Since then, I’ve applied a similar approach to the lives of other vilified women: Katie Hill, a former representative who resigned in a revenge porn scandal; Paula Broadwell, the onetime mistress (a word that has no male equivalent) of Gen. David Petraeus; Amanda Knox, who a decade ago was cleared of the sensational murder of her roommate but has struggled to find her footing since. These women were at times sympathetic characters and other times not, but plenty of nuance was left out of all their stories.
So I am not immune to the appeal of this redemption arc. And yet …
There is a term I learned recently: “scopophilia.” It means “the love of looking.” It could refer to pornography or even a car crash, but it is often used in film to describe the way we look at women who are portrayed onscreen. It is no secret that humans love consuming spectacle — and we doubly love a spectacle when it involves women and sex. But at what point does the fictional depiction of that spectacle, and our viewing of it, become just as bad as watching it in the first place?
Ursula Macfarlane, the director of an upcoming Netflix documentary about Anna Nicole Smith, the troubled actress and model who died of an accidental drug overdose at 39, said when the project was announced, “Now feels like the right time to re-examine the life of yet another beautiful young woman whose life has been picked over and ultimately destroyed by our culture.”

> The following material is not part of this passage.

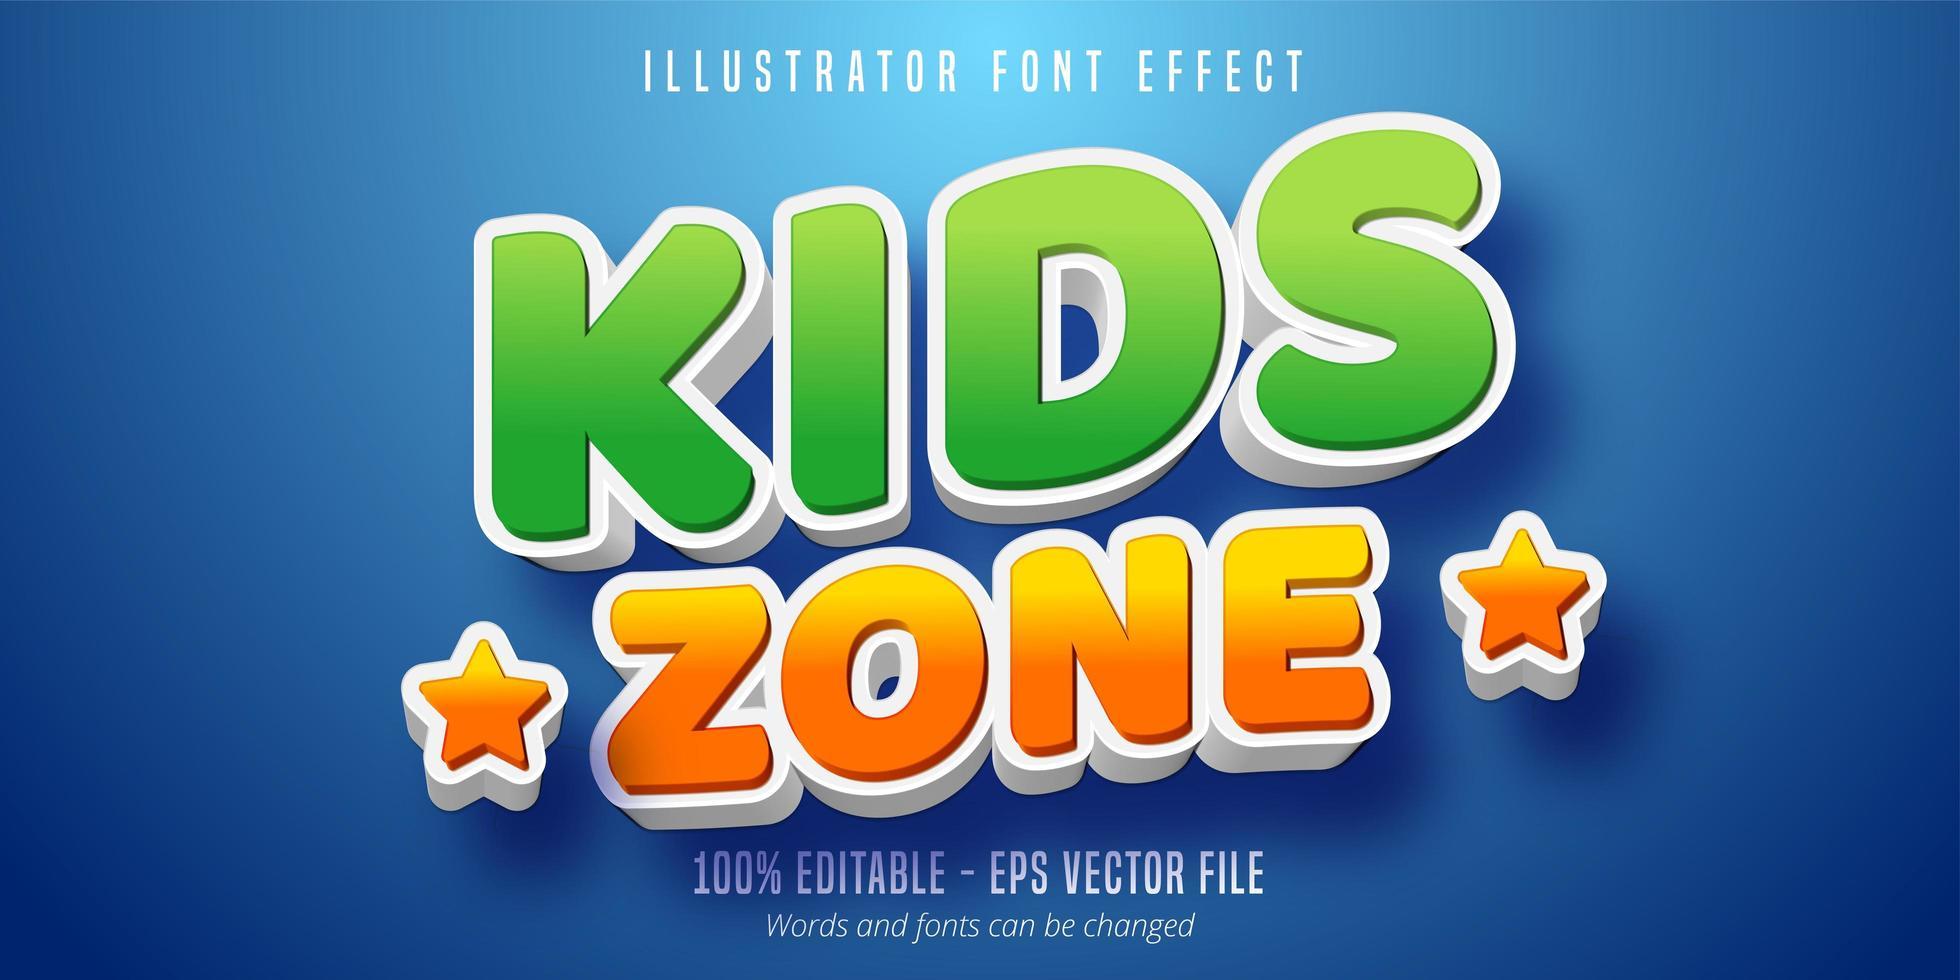 Kinderzone Text vektor
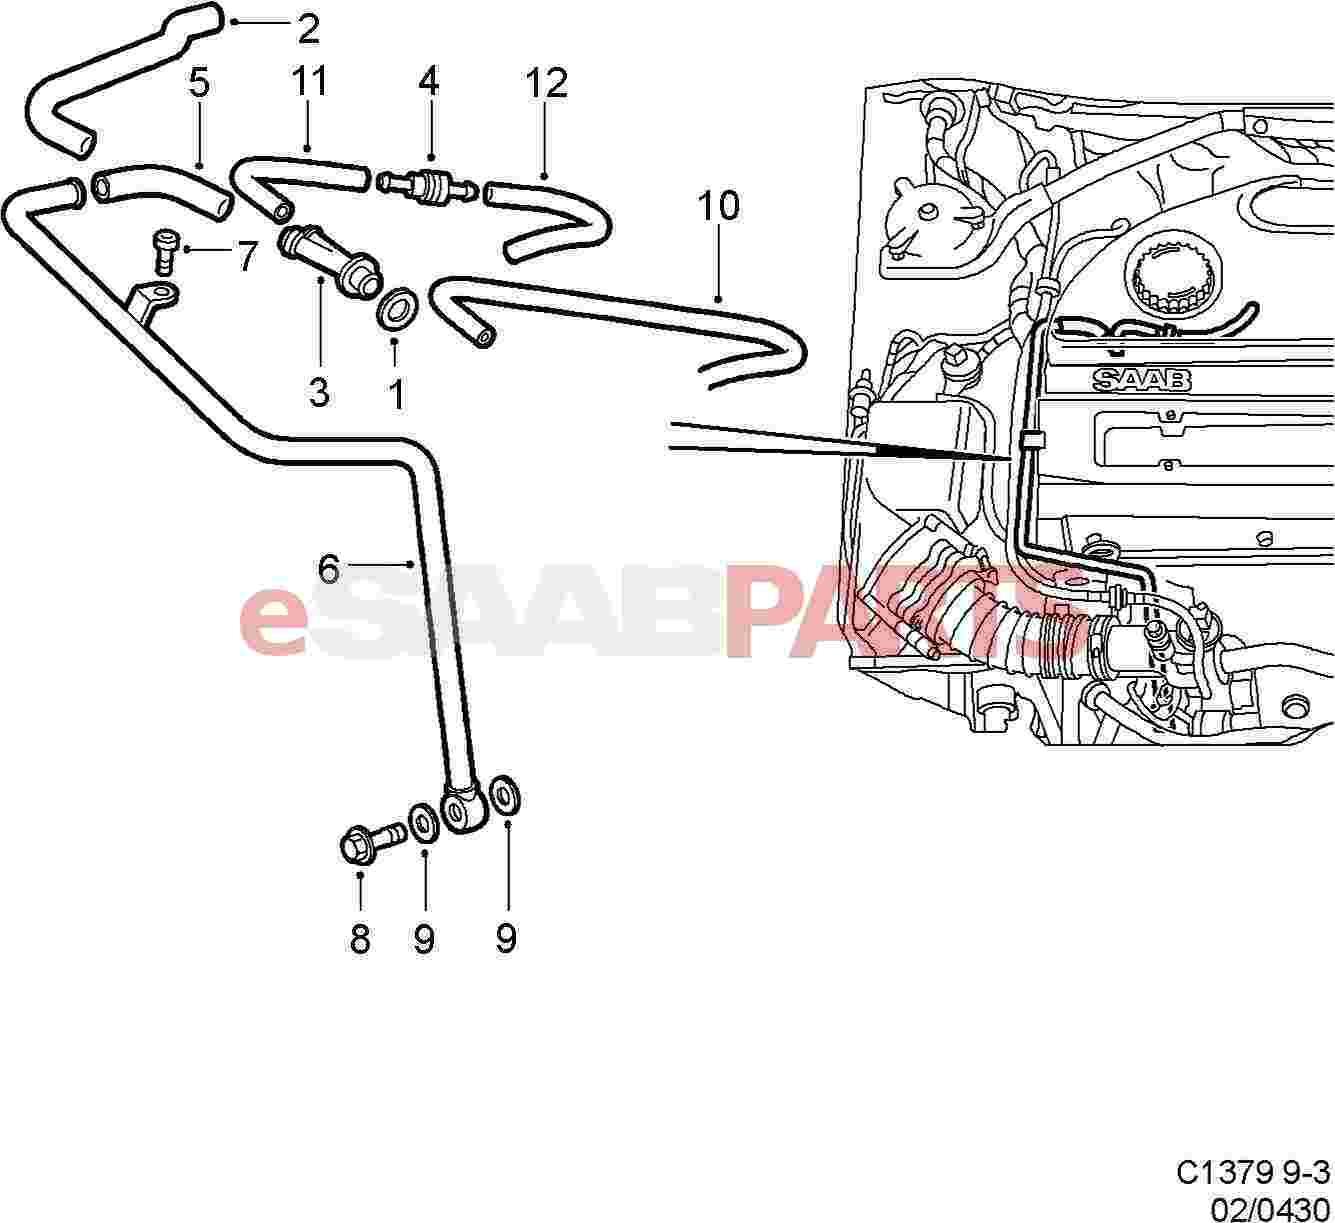 9189564  Saab Positive Crankcase Ventilation Valve

Perhaps — but at what point do such re-examinations merely perpetuate the tropes that made them worthy of applying hindsight in the first place? Who gets to tell such stories, who should profit from them, and when does all that talk about reframing and about upending the male gaze become more about the performance of redemption than about the woman at the center?
The writer Kathryn VanArendonk has called this recent genre “empathy tourism”: an attempt to take viewers on a voyage to a past that’s recent enough to be recognizable but distant enough to feel bizarre. As a result, some efforts — and, perhaps even more so, the way that people talk about them — can tip into a kind of smugness.
We can still consume these stories, but through the lens of enlightenment. We get to feel good about where Ms. Lewinsky is today (she’s a producer!) but we still get to gawk at her flashing her thong to the president of the United States — a scene that, as she told me, she reluctantly signed on to.
We can nod along to heavy-handed dialogue — for example, “Sluts,” Ms. Anderson’s character declares after a disappointing court ruling, “don’t get to decide what happens to pictures of their body.” But we also get to do so while looking at her.